Most people enjoy the freedom and convenience of having a car, but personally an appeal of the New York City lifestyle is never having to drive. Although this usually means taking the Subway, cabs are a necessary staple of getting around the city. It's hard to imagine a day without hearing their horns blaring or seeing them weave about traffic. But it certainly begs the question of how many rides are accessed on a daily basis?
On an average day, how many total rides are accessed, how much in fares is generated, and how much is the average fare?
The Data and Conclusions
Unsurprisingly, the data corroborates that Midtown was by far the most active in terms of cab pickups, followed by the Upper East Side. Both LaGuardia and JFK are noticeable locales in the outer-boroughs.
The total amount generated in a day on a neighborhood-basis essentially mirrors the number of pickups. Midtown accounts for more than $1MM in total fares per day. However, both airports now perform roughly equivalent to the Upper West Side by this metric.
Things shake up rather significantly once we observe the average fare per pickup. Neighborhoods in the outer boroughs usually have more costly rides for cabbers, and the average fare is understandably very high at both airports.
The Tech and the Sources
The ultimate goal was to primarily explore and plot data using primarily Ipython Notebook (Jupyter). Initially, I thought this was going to be a quick project and started the project in July and thus utilized data from January-June. However, the data has since been updated at the Taxi & Limousine Commission. More than anything, it was a great lesson on data cleansing. I first removed any incomplete data which included (0,0) geocoordinates, $0 fares, etc.

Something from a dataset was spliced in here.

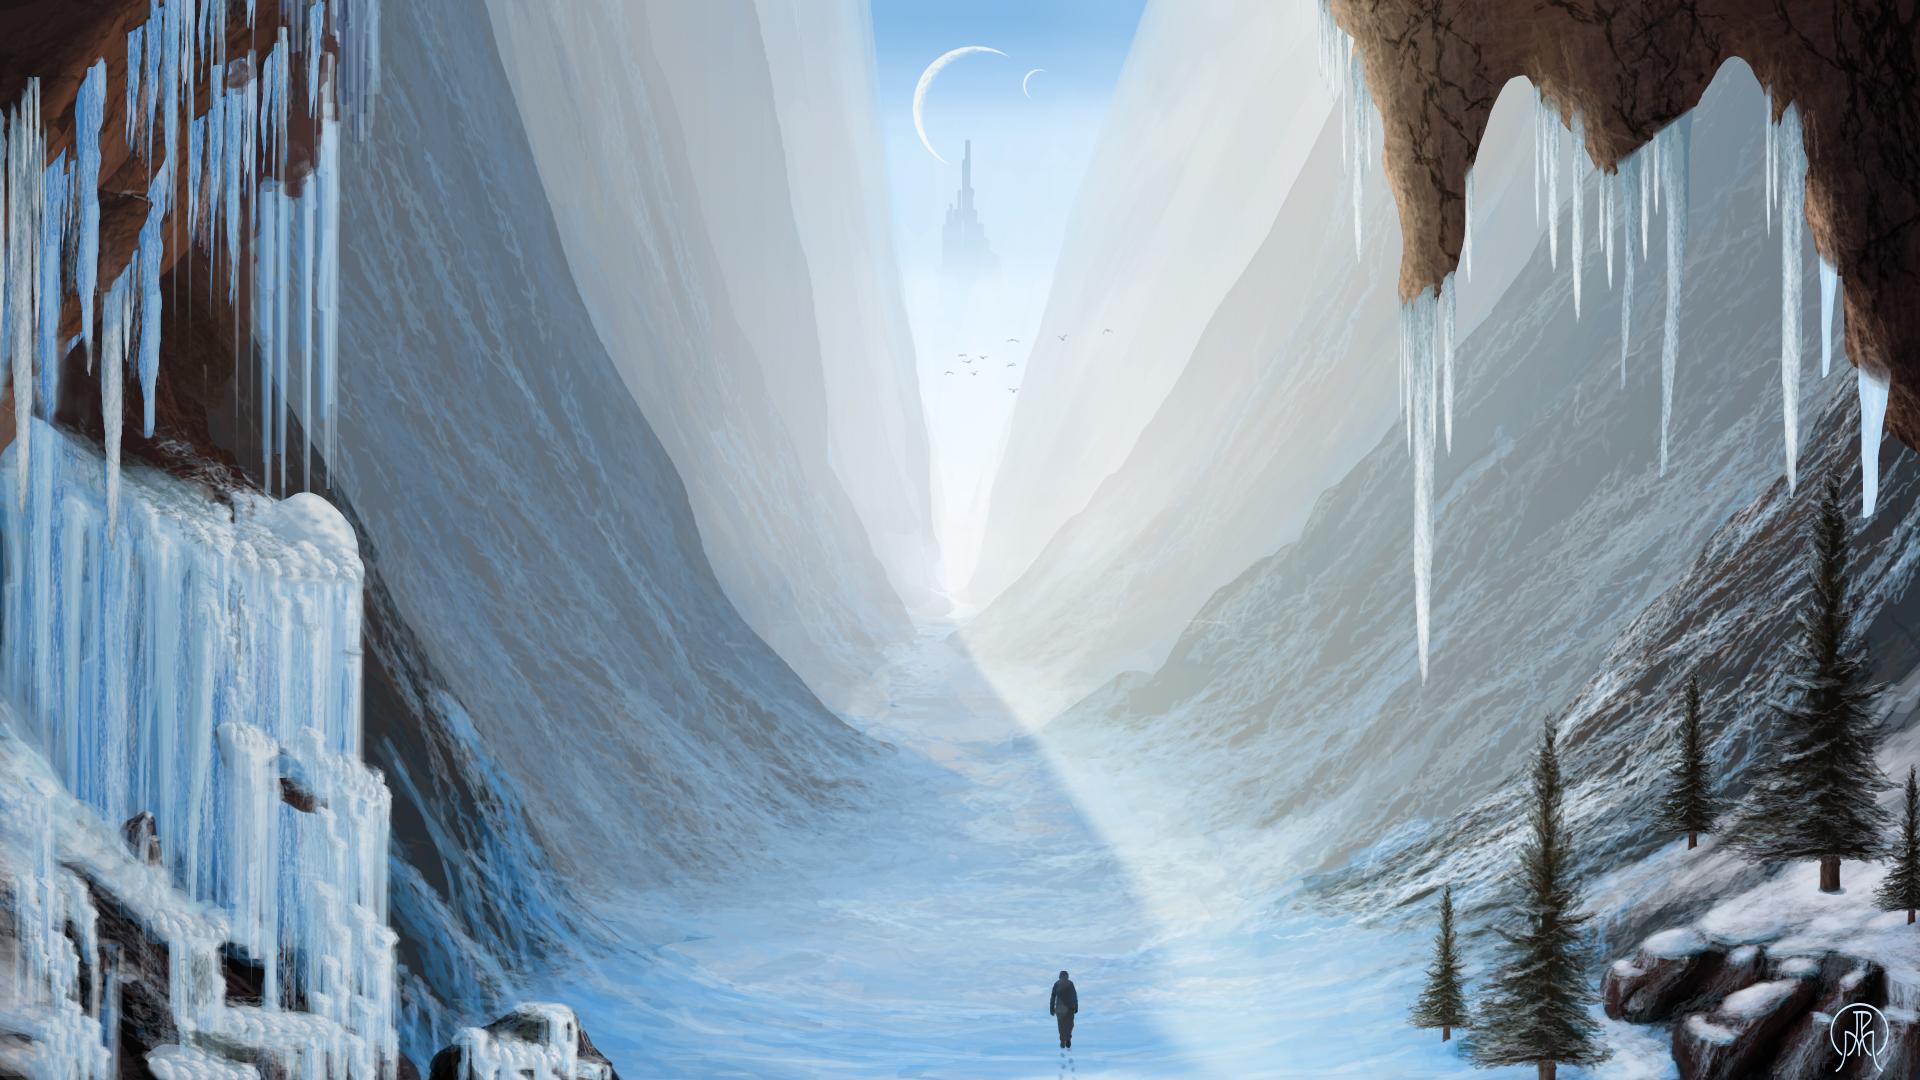 Through the Snowy Gorge by Spacepretzel
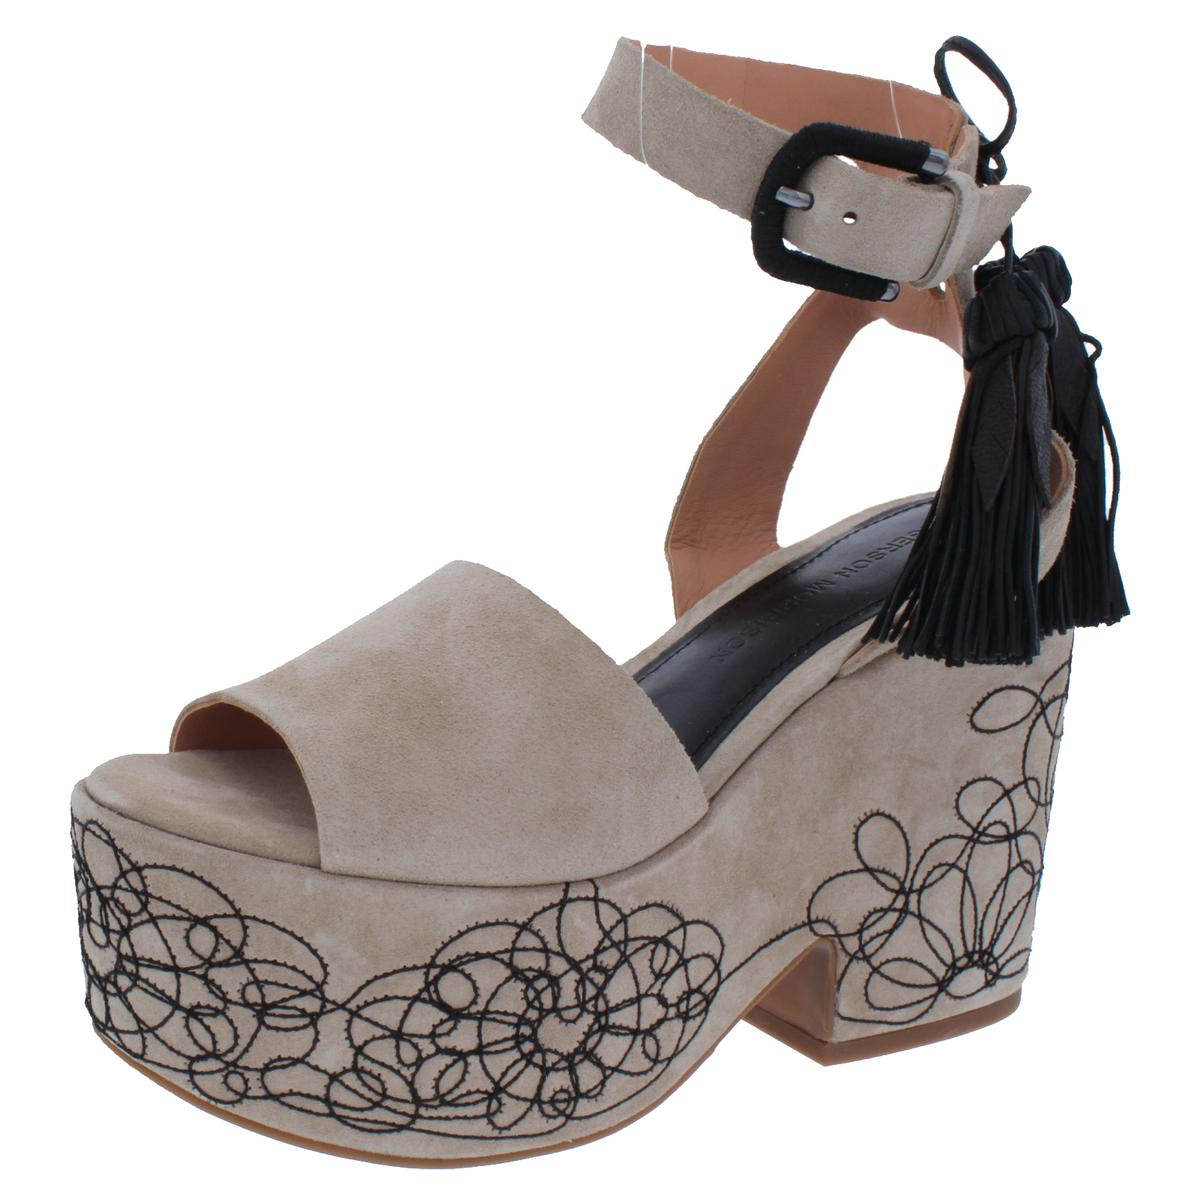 3f2a7aa9c130 Details about Sigerson Morrison Womens Beia Taupe Platform Sandals 6 Medium  (B

Next, I had to assign neighborhoods to each ride which entailed:
Extracting the latitude and longitude of each valid pickup
Rounding the longitudes to the nearest half hundredth decimal (due to volume restrictions on geocoding APIs)
De-duping the values and feeding it through New York Times Districts API
Re-assign the neighborhoods back to the dataframe and merge it with a GeoJSON of NYC
Manually assign neighborhoods for non-matching neighborhoods between both the NY Times API and the Pediacities GeoJSON (most time consuming part)
The data was manipulated in the notebook and the images were produced using the GeoPandas library. I could have done a better job of creating axis titles and units in the legend but that was outside of the initial scope of the project. The intervals for the cluster was created from a Fisher Jenk's Natural Breaks Classification that optimized the difference between the clusters. Limitations of the study are certainly the rounding of the geocoordinates, the limited definition of neighborhoods in the GeoJSON, and the quality of the data. As you can see, Midtown is so broadly mapped and is therefore unsurprisingly the leader. The data could easily be utilized for a time-lapse on an hourly basis to show pickup frequency over time. Now I'm waiting to explore the Uber datasets.